┌─ Given entries

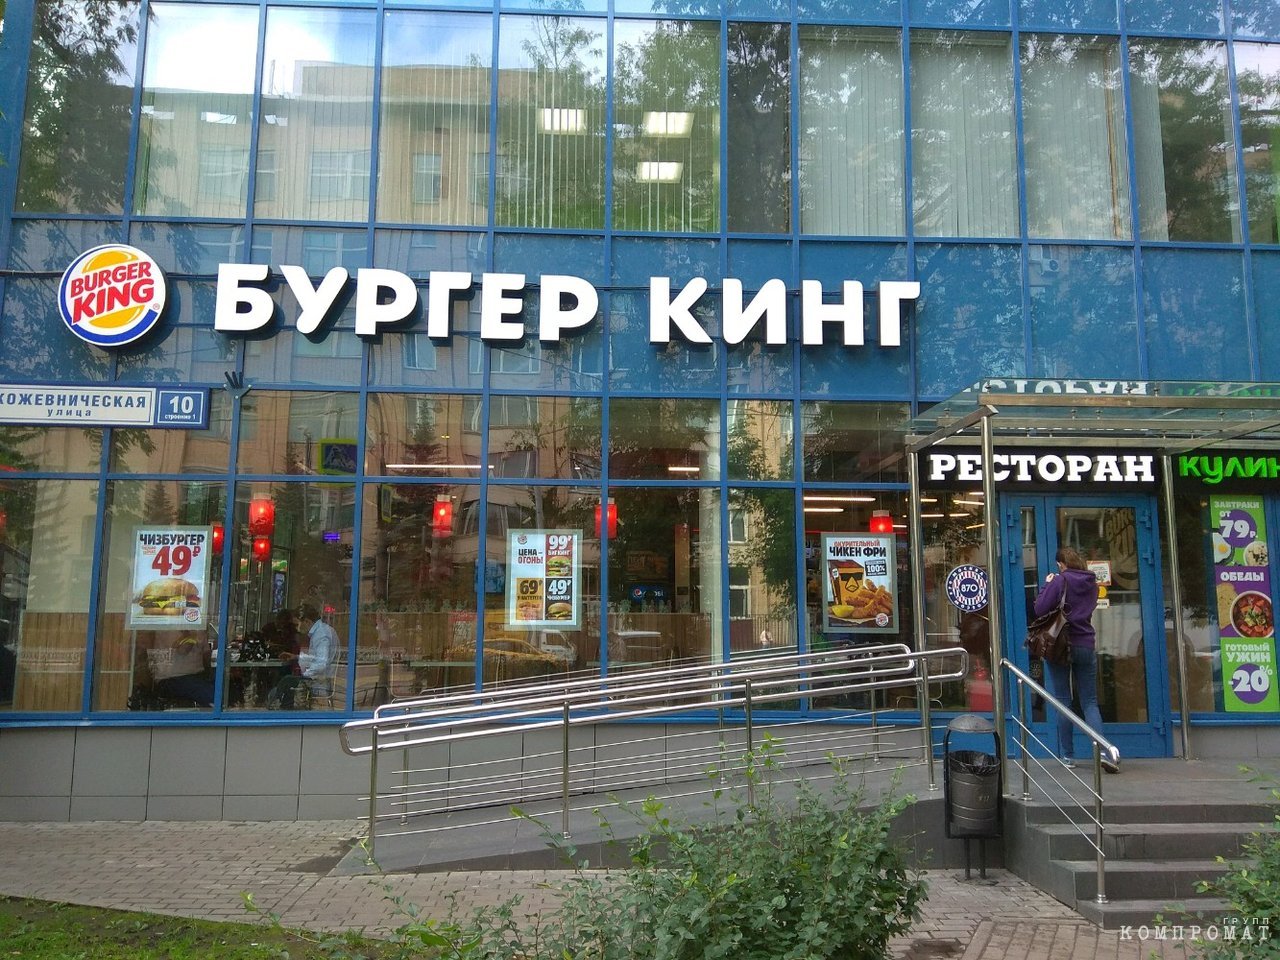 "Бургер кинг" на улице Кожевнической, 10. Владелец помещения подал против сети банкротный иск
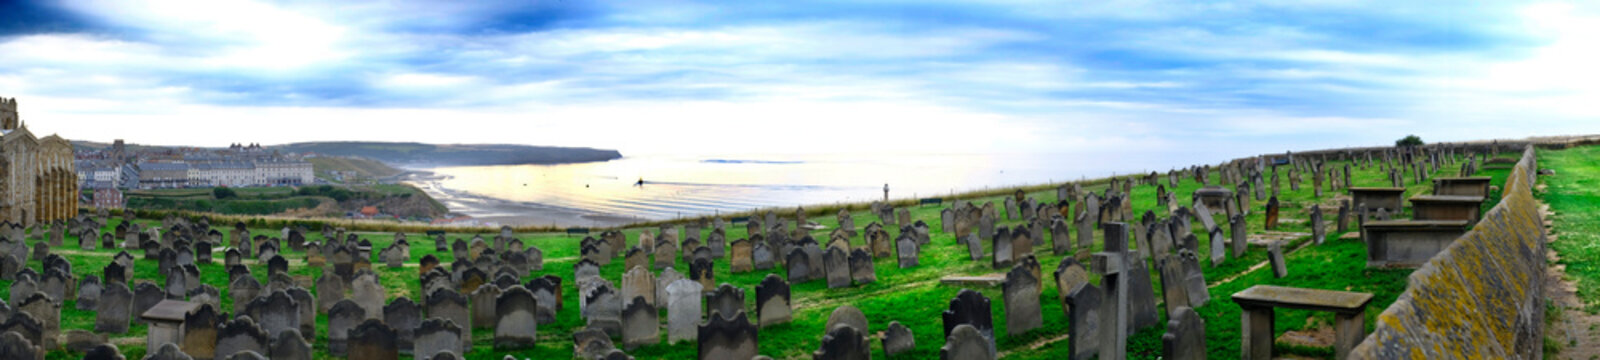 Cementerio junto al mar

└─
┌─ Given entries

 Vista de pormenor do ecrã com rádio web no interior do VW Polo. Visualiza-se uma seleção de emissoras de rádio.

└─
┌─ Given entries

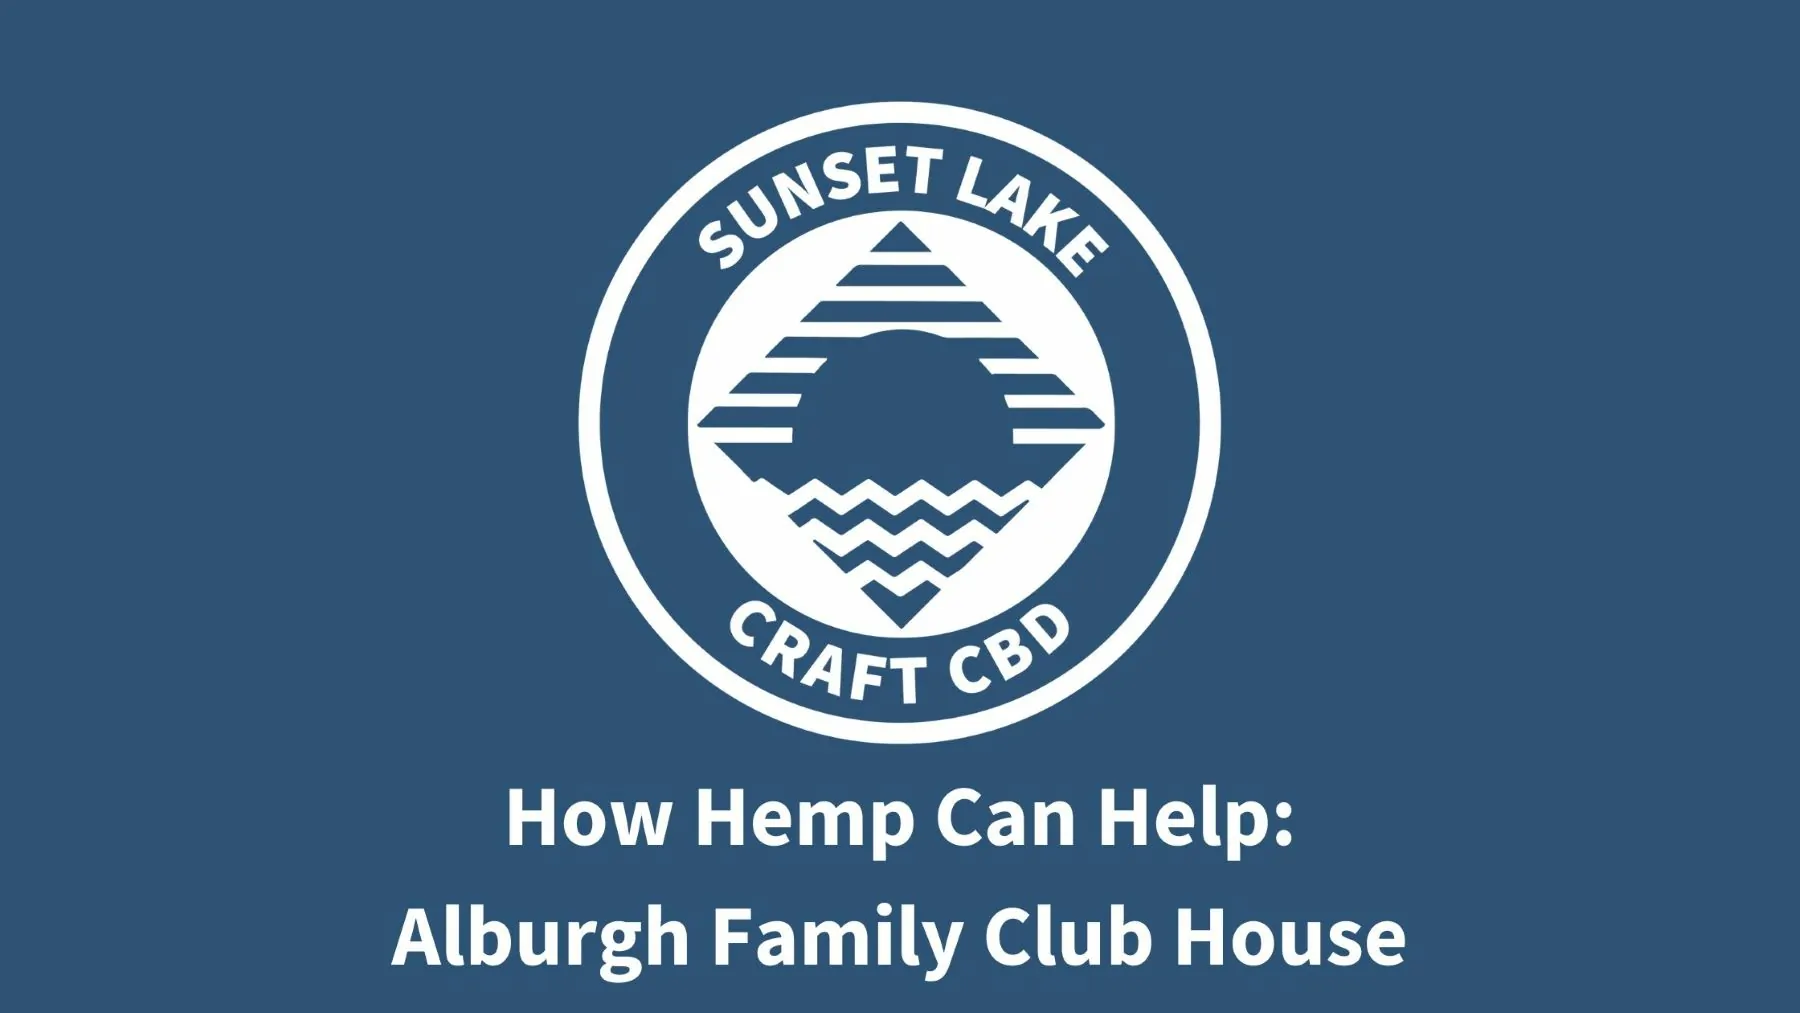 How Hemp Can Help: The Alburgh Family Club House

└─

Exercise brief - From the records above, output only the lines starting at the one containing "сети банкротный иск" and ending at the one containing "Cementerio junto al mar", word for word. Pictures stay out.

Answer -
 "Бургер кинг" на улице Кожевнической, 10. Владелец помещения подал против сети банкротный иск
 Cementerio junto al mar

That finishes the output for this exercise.